WHAT YOU HAVE TO DO:
Restate word for word the lines of the records below, starting at the line that contains "Absolute Ss Prem Tee Flame Red" and ending at the line that contains "UF's Institute of Food", with both of those lines included and nothing else.

───── TASK INPUT

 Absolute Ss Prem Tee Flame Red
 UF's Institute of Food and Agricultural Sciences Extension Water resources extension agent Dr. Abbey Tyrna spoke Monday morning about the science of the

──────────
───── TASK INPUT

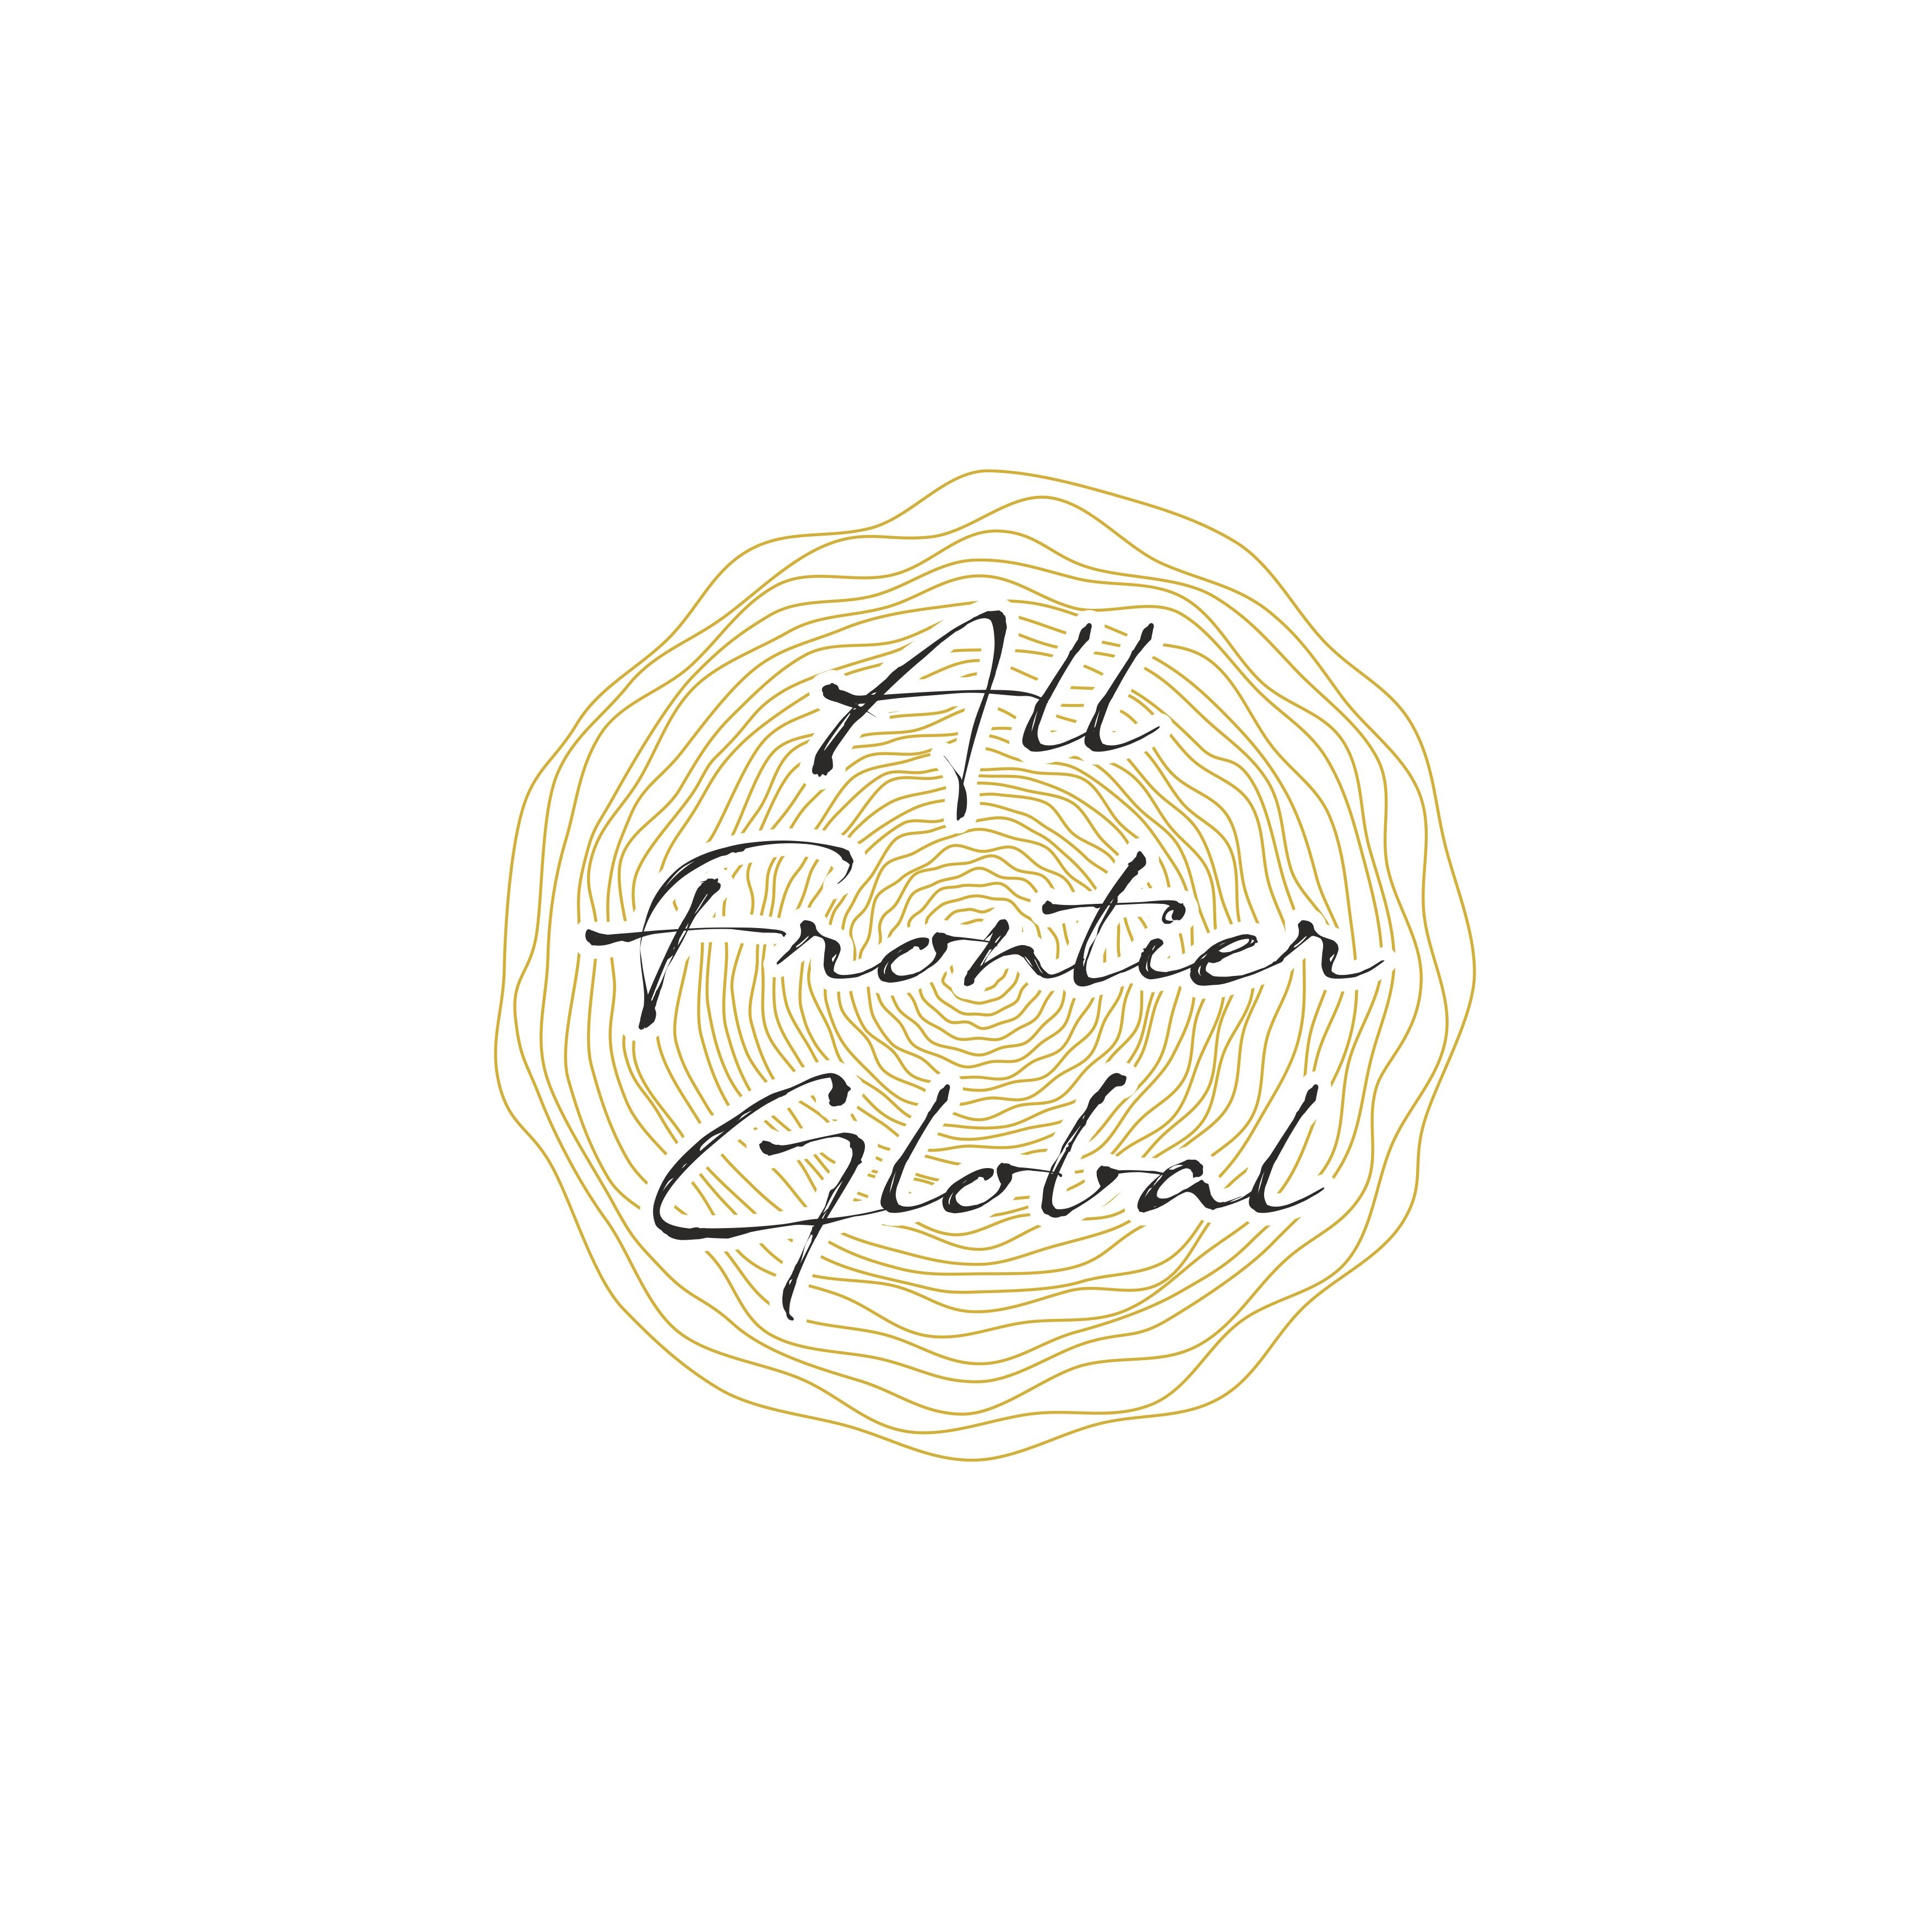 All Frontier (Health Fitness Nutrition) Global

──────────

OUTPUT OF THE TASK:
 Absolute Ss Prem Tee Flame Red
 UF's Institute of Food and Agricultural Sciences Extension Water resources extension agent Dr. Abbey Tyrna spoke Monday morning about the science of the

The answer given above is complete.